Purpose : Photoreceptor cells derived from mouse embryonic stem (mES) cells are an attractive source for studying formation of photoreceptor cells in vitro. While human stem cell cultures take up to 5 months to generate photoreceptors, we have developed a culture system that can form photoreceptors in two weeks. This study was done to determine the optimal concentration of inhibitors to maximize the production of these cells.

Methods : Mouse D3 or primary transgenic Crx>GFP ES cells were cultured in suspension with hepatocellular carcinoma conditioned media for 5 days and transformed into pluripotent primitive ectoderm-like (EPL) organoids. Cultures were then supplemented with inhibitors, including Noggin, or dorsomorphin and SB431542, to inhibit BMP and Activin/TGFβ signaling. After differentiation, the presence of neural and retinal cell types were observed using immunofluorescence and qRT-PCR.

Results : Noggin, or dorsomorphin and SB431542, treatment resulted in a dose-dependent induction of markers for retinal progenitor cells, post-mitotic ganglion cells, and cone photoreceptors. After random selection of organoids at day 9, 95% of the inhibitor-treated organoids expressed markers for photoreceptors (Crx) and cone-specific opsins (M-opsin, S-opsin), and 23.8±0.7% of cells within each organoid were cone photoreceptor-like (Crx+, S-opsin+). Similar results were also observed with the crx>GFP ES cell line: after inhibitor treatment, crx>GFP promoter activation was detected as early as day 6 in 99% of organoids. Using a dose-response assay, we have optimized culture conditions to produce an average of 62±12% GFP-positive photoreceptor progenitor cells after simultaneous treatment with dorsomorphin, SB431542, and FGF2. By day 9, crx>GFP expression was sustained and Otx2 and M-opsin expression was observed in 99±1% and 74±2% of organoids, respectively.

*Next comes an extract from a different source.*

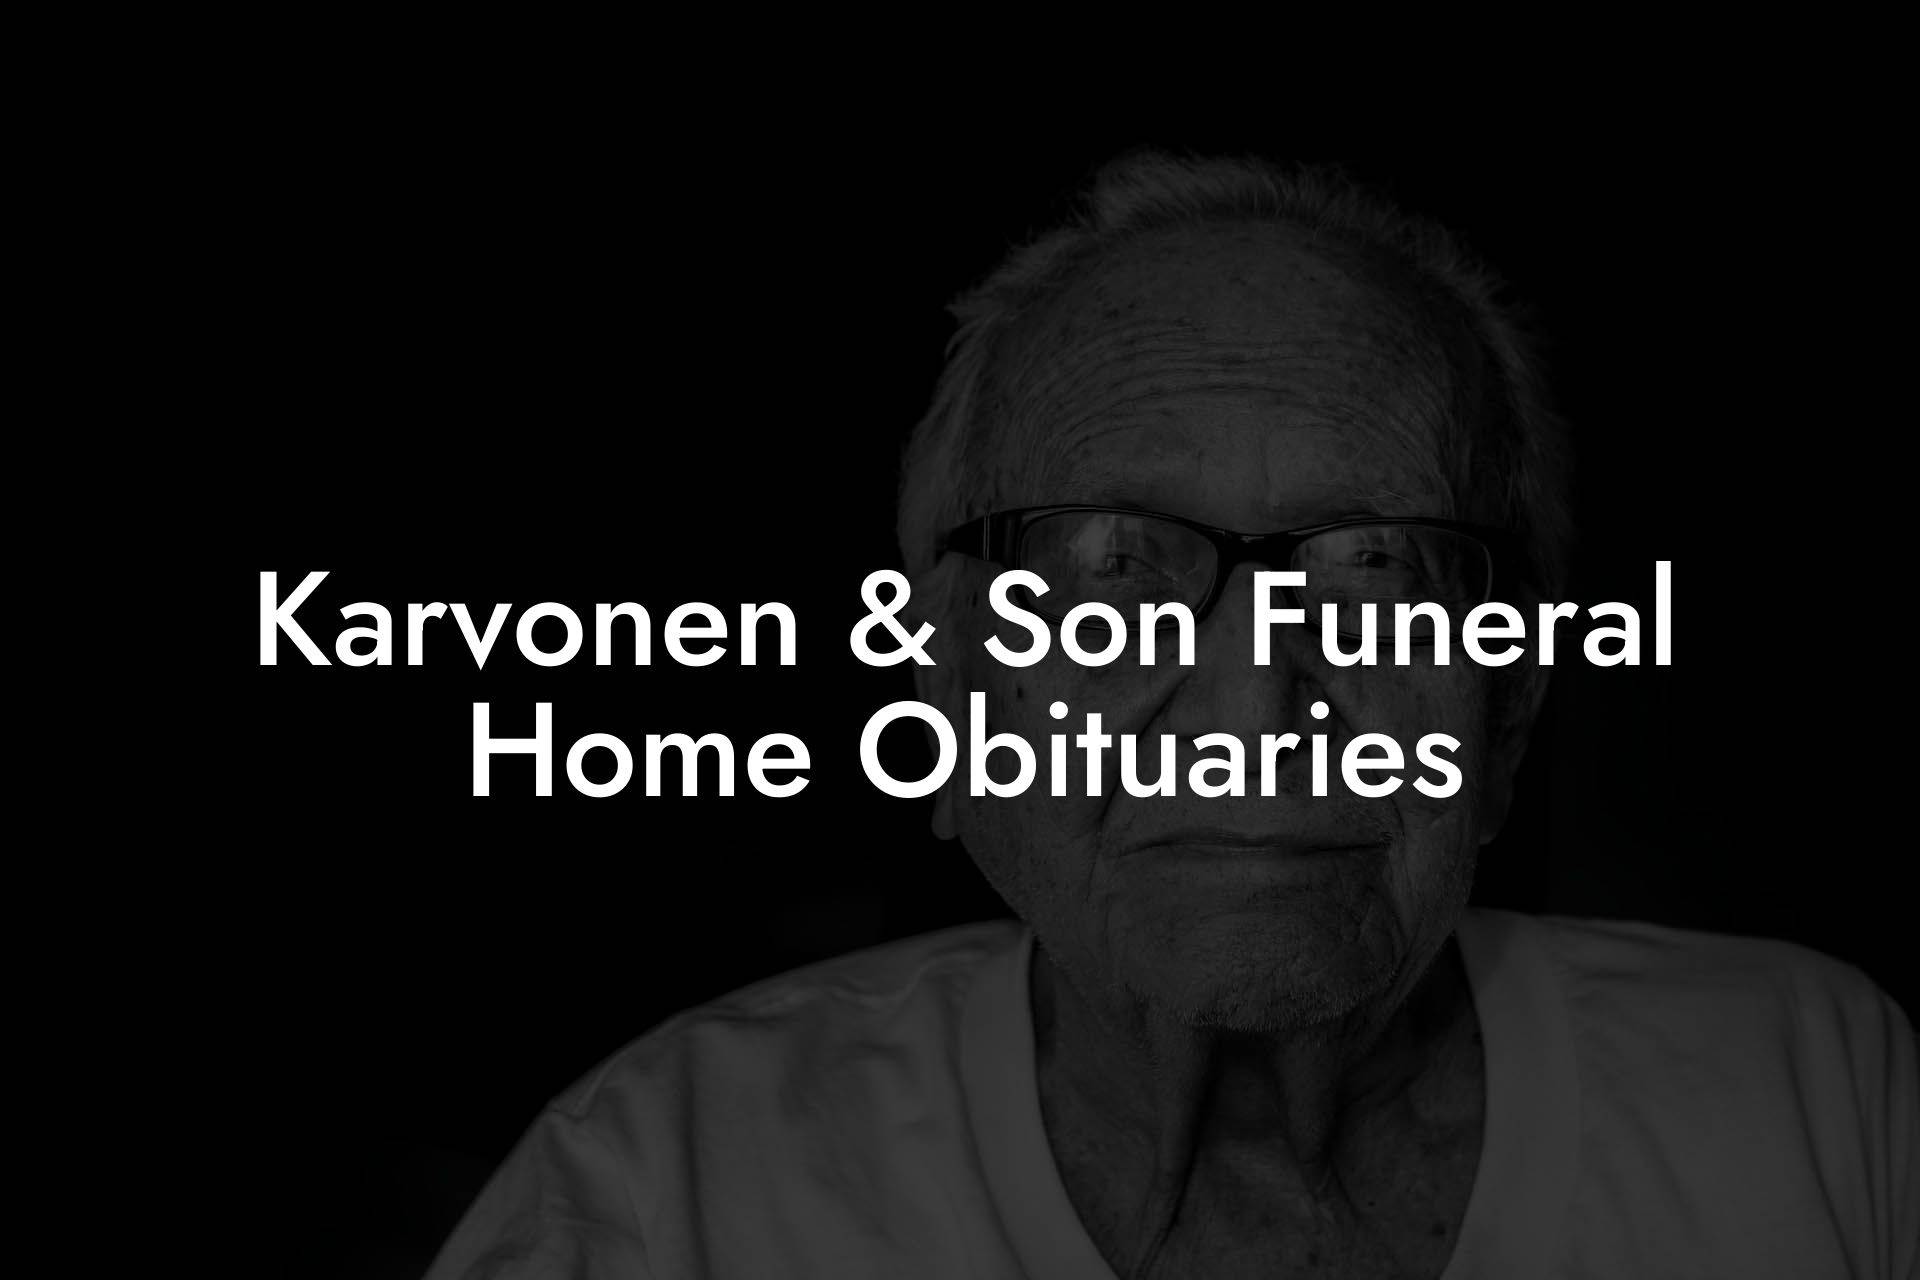 Karvonen & Son Funeral Home Obituaries

Conclusions : These findings suggested that our culture system creates an environment where simultaneous BMP and Activin/TGFβ inhibition and FGF activation can bias mouse embryonic stem cells towards photoreceptor lineages in vitro, which will be tested for light sensitivity in the future.

This is an abstract that was submitted for the 2017 ARVO Annual Meeting, held in Baltimore, MD, May 7-11, 2017.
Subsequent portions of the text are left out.